Bodanzky’s film draws a parallel with the Minamata Disaster in Japan, when thousands of people were poisoned after consuming fish and shellfish contaminated with mercury from the Minamata Bay. A factory owned by the Chisso Corporation was identified as the culprit – it dumped wastewater in the bay for decades, continuing to do so even after the link between its pollution and the so-called “Minamata disease” had been established.
“Everything that happened in Minamata has started happening in the Amazon,” says Bodanzky. “On a different scale, but we can see what might happen if nothing is done about it.”
‘They’re killing us’
The problem is particularly acute in the communities which live along the rivers, including the Munduruku, one of Brazil’s largest Indigenous groups. In recent years, they have come under increasing pressure from a range of different sectors, including illegal loggers, land grabbers, agribusiness, and hydroelectricity generation.
However, garimpo – which has been a threat to the Munduruku intermittently since the 1970s – exploded during Jair Bolsonaro’s presidency [2019–2022]. Research by the Instituto Socioambiental found that the area of the Munduruku Indigenous Territory degraded by garimpo increased 363% between January 2019 and May 2021. The impact on the Rio Tapajós – on which the Munduruku depend for fishing, feeding livestock, bathing, and transportation – has been especially devastating.
“We know that we’re sick, that we’ve got levels of mercury in our bodies. But this is the only source of food we have,” says leader Alessandra Korap Munduruku. “We can’t stop eating fish because it’s contaminated with mercury. If we did, we would all starve because we depend on the river, we depend on the fish for our survival.”
The level of mercury intoxication amongst the Munduruku surpassed even the worst expectations of Erik Jennings and his team, who have been monitoring the situation closely in recent years.
“Our research [involving 109 residents of the Alto Tapajós region] shows that 99% of the population tested have levels of mercury in their blood which surpass the threshold considered safe by the World Health Organization,” Jennings told Repórter Brasil. “Some of them are 15 times over the limit. It’s extremely worrying.”

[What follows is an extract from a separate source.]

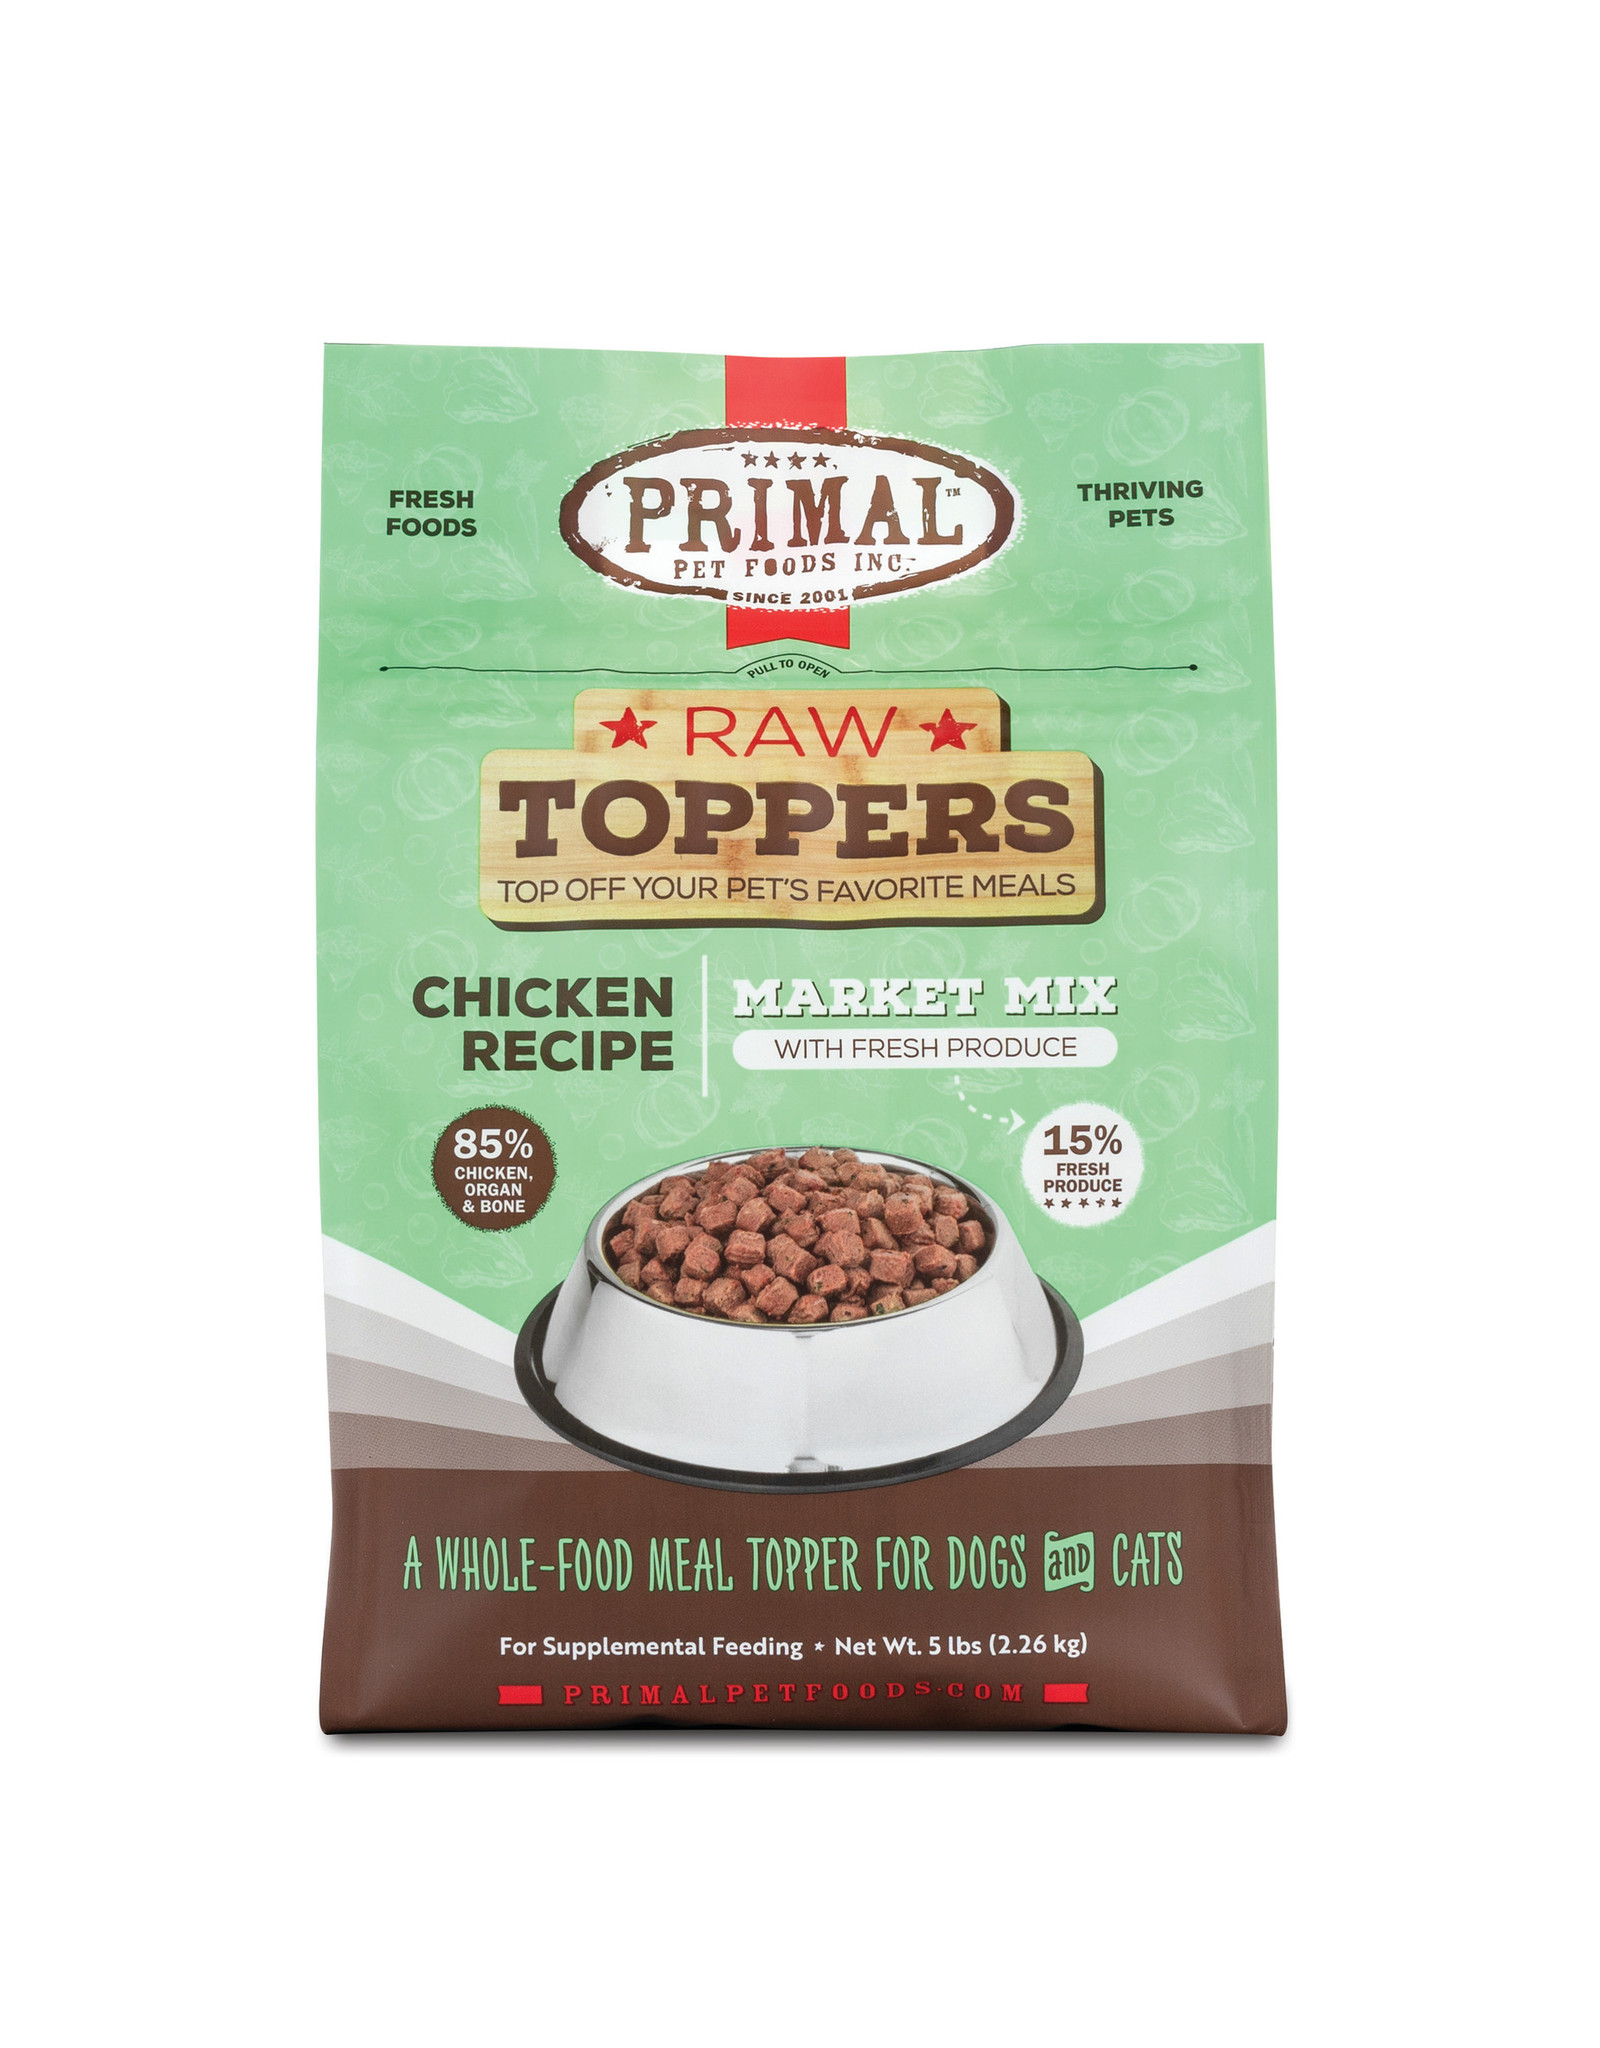 Primal Primal Raw Toppers Market Mix Chicken

“There has to be some punishment, because they’re killing us,” says Alessandra Munduruku. “There can be no question about whether garimpo will have an impact; it already has done. The fish are dying from the contamination. The women are being poisoned. Now we’ve got proof.”
In late 2020, Jennings attempted to return to the villages of the Alto Tapajós with Bodanzky’s producer and cameraman to conduct the handover of these results with the Munduruku. However, when their plane stopped to refuel in Jacareacanga, one of the towns bordering the Indigenous territory, they were attacked by a group of pro-garimpo Indigenous people.

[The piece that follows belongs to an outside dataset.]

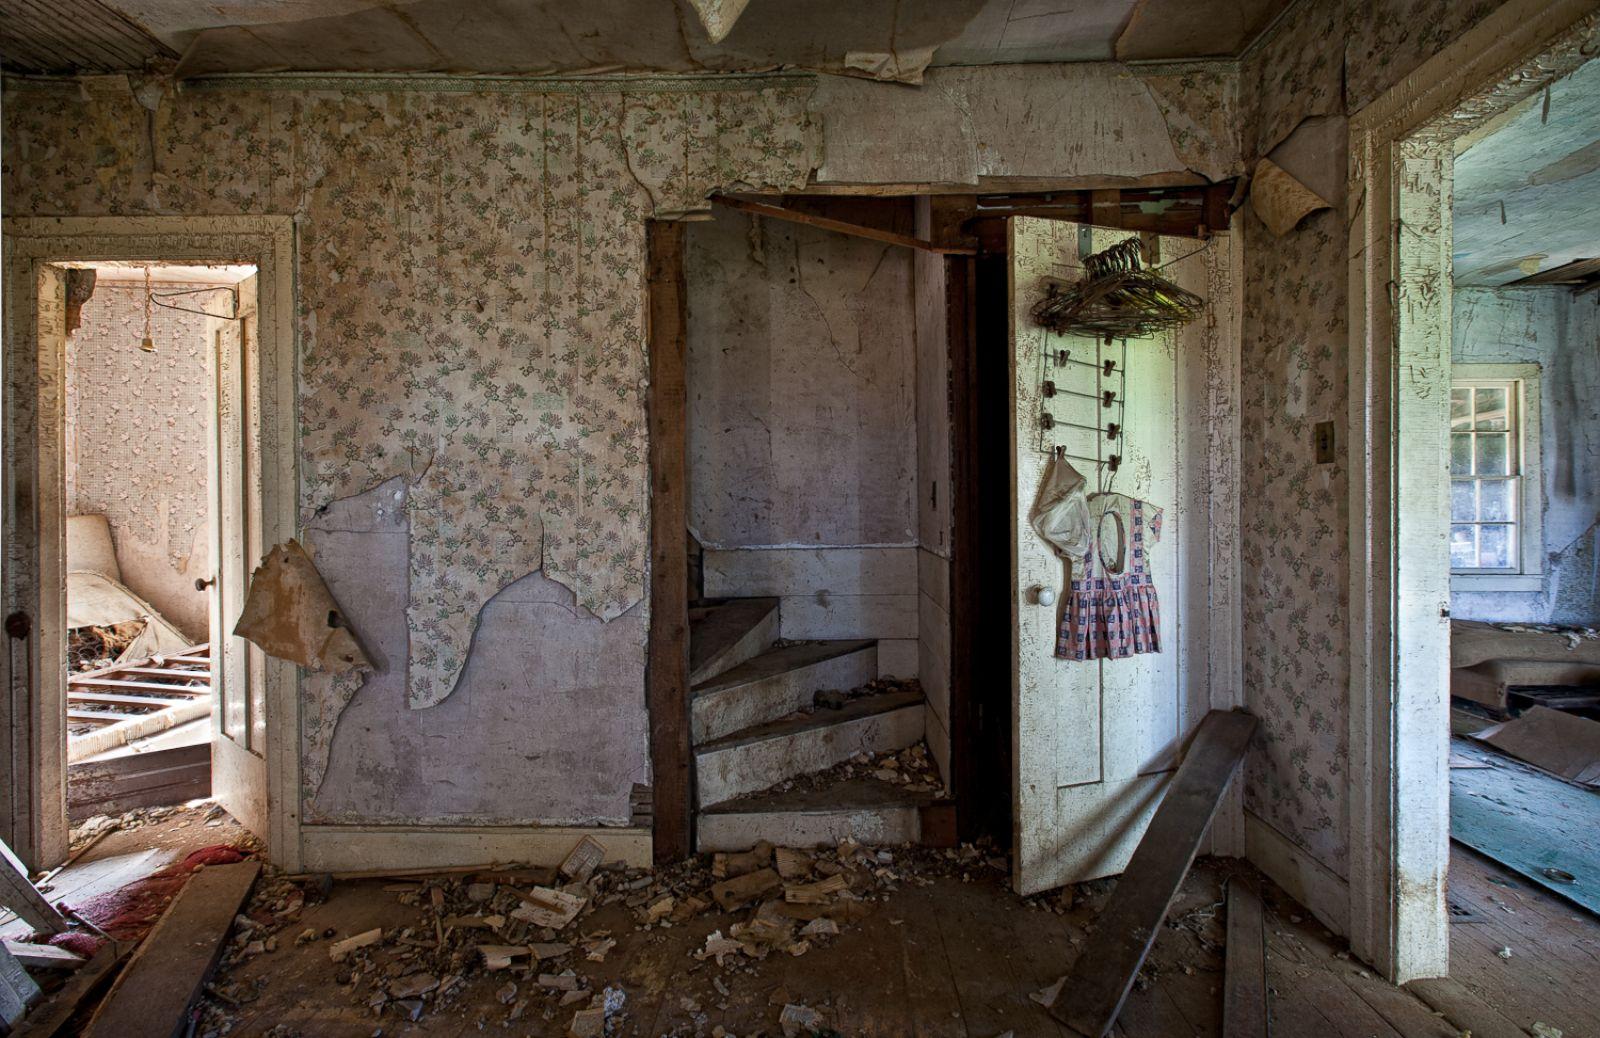 Abandoned america everything left behind photos image for Abandoned neighborhoods in america

“They thought that our guys were from Greenpeace and a big argument broke out, it got quite ugly,” explains Bodanzky. “One of the Indigenous women started to paint them red – a sign of war. Our producer Juliana got all covered in red and they were really scared about what might happen.”
Jennings and the team escaped, managing to restart the plane and take off amid a hail of stones. Miraculously, no-one was hurt.